To do
The entries that follow include a run beginning at the line with "Fordson Modell N" and ending at the line with "02) Alternativa D"; restate that run word for word and leave the rest out.

++++ Extracted entries ++++

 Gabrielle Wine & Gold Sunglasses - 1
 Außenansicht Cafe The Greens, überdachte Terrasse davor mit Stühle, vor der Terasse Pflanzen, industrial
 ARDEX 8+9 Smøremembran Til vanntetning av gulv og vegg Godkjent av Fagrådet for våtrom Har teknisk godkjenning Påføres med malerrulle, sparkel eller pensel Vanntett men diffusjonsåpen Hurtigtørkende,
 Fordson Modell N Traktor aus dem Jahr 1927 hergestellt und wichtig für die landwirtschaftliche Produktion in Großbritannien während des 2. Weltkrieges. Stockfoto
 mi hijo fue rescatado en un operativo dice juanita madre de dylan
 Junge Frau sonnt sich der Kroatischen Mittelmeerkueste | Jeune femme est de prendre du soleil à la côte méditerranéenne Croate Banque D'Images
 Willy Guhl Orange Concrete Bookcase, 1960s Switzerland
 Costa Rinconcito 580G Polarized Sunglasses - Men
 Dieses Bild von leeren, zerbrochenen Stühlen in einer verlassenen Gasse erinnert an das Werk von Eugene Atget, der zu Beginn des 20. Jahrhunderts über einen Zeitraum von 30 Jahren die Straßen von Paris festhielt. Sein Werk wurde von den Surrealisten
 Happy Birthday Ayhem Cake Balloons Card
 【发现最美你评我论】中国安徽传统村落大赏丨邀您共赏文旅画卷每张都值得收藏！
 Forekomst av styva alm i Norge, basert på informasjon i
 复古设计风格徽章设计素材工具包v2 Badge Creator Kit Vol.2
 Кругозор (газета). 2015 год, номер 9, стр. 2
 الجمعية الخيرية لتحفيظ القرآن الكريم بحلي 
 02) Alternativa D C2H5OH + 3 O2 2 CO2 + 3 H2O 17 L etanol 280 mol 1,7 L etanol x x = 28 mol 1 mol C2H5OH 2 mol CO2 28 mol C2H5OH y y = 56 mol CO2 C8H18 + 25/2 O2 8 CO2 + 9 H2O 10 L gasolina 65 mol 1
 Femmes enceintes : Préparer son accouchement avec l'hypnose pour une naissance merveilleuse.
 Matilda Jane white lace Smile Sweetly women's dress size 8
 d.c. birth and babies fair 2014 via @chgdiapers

++++

Answer section
 Fordson Modell N Traktor aus dem Jahr 1927 hergestellt und wichtig für die landwirtschaftliche Produktion in Großbritannien während des 2. Weltkrieges. Stockfoto
 mi hijo fue rescatado en un operativo dice juanita madre de dylan
 Junge Frau sonnt sich der Kroatischen Mittelmeerkueste | Jeune femme est de prendre du soleil à la côte méditerranéenne Croate Banque D'Images
 Willy Guhl Orange Concrete Bookcase, 1960s Switzerland
 Costa Rinconcito 580G Polarized Sunglasses - Men
 Dieses Bild von leeren, zerbrochenen Stühlen in einer verlassenen Gasse erinnert an das Werk von Eugene Atget, der zu Beginn des 20. Jahrhunderts über einen Zeitraum von 30 Jahren die Straßen von Paris festhielt. Sein Werk wurde von den Surrealisten
 Happy Birthday Ayhem Cake Balloons Card
 【发现最美你评我论】中国安徽传统村落大赏丨邀您共赏文旅画卷每张都值得收藏！
 Forekomst av styva alm i Norge, basert på informasjon i
 复古设计风格徽章设计素材工具包v2 Badge Creator Kit Vol.2
 Кругозор (газета). 2015 год, номер 9, стр. 2
 الجمعية الخيرية لتحفيظ القرآن الكريم بحلي 
 02) Alternativa D C2H5OH + 3 O2 2 CO2 + 3 H2O 17 L etanol 280 mol 1,7 L etanol x x = 28 mol 1 mol C2H5OH 2 mol CO2 28 mol C2H5OH y y = 56 mol CO2 C8H18 + 25/2 O2 8 CO2 + 9 H2O 10 L gasolina 65 mol 1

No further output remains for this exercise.